Give back exactly the lines of the entries below from the line with "Goldene Sterne - Tapete - Wohnzimmer" to the line with "Teich stockfotos teich", inclusive, and only those.
[DATA SUPPLIED — start]
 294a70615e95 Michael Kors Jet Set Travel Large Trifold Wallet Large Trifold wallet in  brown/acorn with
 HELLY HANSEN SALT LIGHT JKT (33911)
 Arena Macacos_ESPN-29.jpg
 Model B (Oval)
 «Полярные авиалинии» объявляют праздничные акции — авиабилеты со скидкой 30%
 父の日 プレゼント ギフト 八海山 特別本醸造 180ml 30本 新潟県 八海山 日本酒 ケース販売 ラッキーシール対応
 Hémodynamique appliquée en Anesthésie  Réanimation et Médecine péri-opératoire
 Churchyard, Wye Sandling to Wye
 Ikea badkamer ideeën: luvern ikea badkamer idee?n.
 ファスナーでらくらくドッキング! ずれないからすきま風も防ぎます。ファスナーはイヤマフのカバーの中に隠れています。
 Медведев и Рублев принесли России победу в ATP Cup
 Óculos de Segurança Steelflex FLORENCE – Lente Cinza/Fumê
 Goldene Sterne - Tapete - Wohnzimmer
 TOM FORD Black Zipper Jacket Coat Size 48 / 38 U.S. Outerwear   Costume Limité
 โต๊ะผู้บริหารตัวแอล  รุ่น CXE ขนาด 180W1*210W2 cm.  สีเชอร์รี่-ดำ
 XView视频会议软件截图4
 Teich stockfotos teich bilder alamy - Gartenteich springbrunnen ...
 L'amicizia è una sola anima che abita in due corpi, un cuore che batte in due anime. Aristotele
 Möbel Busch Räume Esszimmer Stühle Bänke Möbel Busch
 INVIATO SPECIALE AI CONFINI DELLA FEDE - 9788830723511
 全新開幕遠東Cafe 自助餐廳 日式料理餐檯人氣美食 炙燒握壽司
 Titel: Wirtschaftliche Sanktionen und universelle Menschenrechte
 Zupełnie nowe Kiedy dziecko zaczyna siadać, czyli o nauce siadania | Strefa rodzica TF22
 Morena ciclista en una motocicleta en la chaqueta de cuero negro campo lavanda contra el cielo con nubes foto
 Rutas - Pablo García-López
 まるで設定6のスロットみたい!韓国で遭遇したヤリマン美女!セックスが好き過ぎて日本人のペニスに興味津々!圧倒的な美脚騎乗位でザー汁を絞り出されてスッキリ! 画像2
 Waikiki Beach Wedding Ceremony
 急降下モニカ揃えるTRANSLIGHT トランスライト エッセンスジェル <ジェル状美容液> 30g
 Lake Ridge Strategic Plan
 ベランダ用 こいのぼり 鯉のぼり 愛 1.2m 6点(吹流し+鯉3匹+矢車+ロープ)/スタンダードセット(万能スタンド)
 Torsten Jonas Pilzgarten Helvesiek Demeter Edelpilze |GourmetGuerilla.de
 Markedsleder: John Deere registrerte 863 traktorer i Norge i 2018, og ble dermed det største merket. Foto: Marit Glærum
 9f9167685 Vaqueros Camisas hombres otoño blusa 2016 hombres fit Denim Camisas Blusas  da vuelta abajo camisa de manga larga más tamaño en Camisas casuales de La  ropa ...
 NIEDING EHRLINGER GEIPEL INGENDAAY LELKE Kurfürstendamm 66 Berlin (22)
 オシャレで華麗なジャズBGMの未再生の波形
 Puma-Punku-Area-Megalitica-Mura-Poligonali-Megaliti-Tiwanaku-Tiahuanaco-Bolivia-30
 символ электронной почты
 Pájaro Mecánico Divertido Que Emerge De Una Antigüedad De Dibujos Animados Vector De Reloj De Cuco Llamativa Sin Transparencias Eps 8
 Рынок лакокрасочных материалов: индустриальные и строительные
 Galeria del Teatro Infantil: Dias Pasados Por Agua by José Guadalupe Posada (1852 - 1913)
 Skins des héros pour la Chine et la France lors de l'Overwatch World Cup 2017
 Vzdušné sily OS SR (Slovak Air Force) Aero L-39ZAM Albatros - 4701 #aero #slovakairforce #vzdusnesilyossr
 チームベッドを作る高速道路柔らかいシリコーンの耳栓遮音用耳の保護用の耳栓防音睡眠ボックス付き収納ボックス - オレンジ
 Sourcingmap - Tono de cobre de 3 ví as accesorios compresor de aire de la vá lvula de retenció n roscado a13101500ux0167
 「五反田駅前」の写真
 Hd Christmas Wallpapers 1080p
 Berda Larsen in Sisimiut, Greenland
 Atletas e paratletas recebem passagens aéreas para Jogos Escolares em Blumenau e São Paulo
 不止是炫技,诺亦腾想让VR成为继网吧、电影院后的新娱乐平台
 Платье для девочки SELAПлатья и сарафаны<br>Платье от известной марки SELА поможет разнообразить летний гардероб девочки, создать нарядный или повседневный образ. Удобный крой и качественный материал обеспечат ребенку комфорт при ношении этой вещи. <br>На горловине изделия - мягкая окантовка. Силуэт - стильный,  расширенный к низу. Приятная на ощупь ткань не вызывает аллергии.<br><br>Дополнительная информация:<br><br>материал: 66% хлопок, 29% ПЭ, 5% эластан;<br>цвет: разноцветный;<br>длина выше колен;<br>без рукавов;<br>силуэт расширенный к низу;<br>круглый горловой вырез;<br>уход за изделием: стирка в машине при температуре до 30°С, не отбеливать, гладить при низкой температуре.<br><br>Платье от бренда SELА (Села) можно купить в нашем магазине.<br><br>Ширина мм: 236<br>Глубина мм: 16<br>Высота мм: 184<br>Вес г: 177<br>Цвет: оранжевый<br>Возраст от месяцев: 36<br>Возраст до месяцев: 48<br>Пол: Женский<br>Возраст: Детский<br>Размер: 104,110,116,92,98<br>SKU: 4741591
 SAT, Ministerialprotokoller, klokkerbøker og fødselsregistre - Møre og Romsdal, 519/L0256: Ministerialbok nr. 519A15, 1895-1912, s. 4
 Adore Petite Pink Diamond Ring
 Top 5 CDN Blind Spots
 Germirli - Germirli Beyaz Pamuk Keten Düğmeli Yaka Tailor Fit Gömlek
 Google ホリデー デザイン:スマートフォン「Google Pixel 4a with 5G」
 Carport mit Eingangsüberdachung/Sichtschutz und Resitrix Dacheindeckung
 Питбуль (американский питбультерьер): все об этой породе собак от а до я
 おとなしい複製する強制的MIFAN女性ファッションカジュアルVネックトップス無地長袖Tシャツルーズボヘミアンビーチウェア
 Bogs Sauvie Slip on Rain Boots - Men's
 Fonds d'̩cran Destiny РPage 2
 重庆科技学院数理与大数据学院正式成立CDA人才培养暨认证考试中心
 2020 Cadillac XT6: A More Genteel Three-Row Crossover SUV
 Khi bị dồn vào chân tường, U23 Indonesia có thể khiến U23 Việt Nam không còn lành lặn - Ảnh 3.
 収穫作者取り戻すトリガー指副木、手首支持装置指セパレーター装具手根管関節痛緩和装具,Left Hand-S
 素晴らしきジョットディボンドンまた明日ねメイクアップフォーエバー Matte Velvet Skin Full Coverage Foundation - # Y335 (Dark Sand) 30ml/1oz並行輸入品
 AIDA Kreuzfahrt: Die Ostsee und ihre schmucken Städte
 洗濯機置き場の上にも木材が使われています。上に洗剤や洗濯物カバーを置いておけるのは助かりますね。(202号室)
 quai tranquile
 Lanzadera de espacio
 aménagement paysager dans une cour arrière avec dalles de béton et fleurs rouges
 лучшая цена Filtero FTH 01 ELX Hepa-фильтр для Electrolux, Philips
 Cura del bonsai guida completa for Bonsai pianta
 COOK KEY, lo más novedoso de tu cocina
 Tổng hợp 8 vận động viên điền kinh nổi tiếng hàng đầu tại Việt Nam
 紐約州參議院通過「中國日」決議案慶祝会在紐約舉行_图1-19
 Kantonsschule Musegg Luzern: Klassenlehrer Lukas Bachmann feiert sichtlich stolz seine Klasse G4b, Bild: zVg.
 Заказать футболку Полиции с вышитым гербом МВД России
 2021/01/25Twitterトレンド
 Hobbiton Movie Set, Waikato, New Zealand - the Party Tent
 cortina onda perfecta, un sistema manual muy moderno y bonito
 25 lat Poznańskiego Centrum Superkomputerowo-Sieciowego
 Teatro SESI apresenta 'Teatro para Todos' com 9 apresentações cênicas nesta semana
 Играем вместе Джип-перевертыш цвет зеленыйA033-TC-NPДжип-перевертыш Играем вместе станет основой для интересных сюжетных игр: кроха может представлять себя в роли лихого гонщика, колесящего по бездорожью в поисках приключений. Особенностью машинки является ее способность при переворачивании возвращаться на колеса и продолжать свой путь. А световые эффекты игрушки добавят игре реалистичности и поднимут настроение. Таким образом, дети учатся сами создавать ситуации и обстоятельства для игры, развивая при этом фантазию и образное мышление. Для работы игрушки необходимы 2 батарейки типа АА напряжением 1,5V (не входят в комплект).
[DATA SUPPLIED — finish]
RESPONSE BELOW -
 Goldene Sterne - Tapete - Wohnzimmer
 TOM FORD Black Zipper Jacket Coat Size 48 / 38 U.S. Outerwear   Costume Limité
 โต๊ะผู้บริหารตัวแอล  รุ่น CXE ขนาด 180W1*210W2 cm.  สีเชอร์รี่-ดำ
 XView视频会议软件截图4
 Teich stockfotos teich bilder alamy - Gartenteich springbrunnen ...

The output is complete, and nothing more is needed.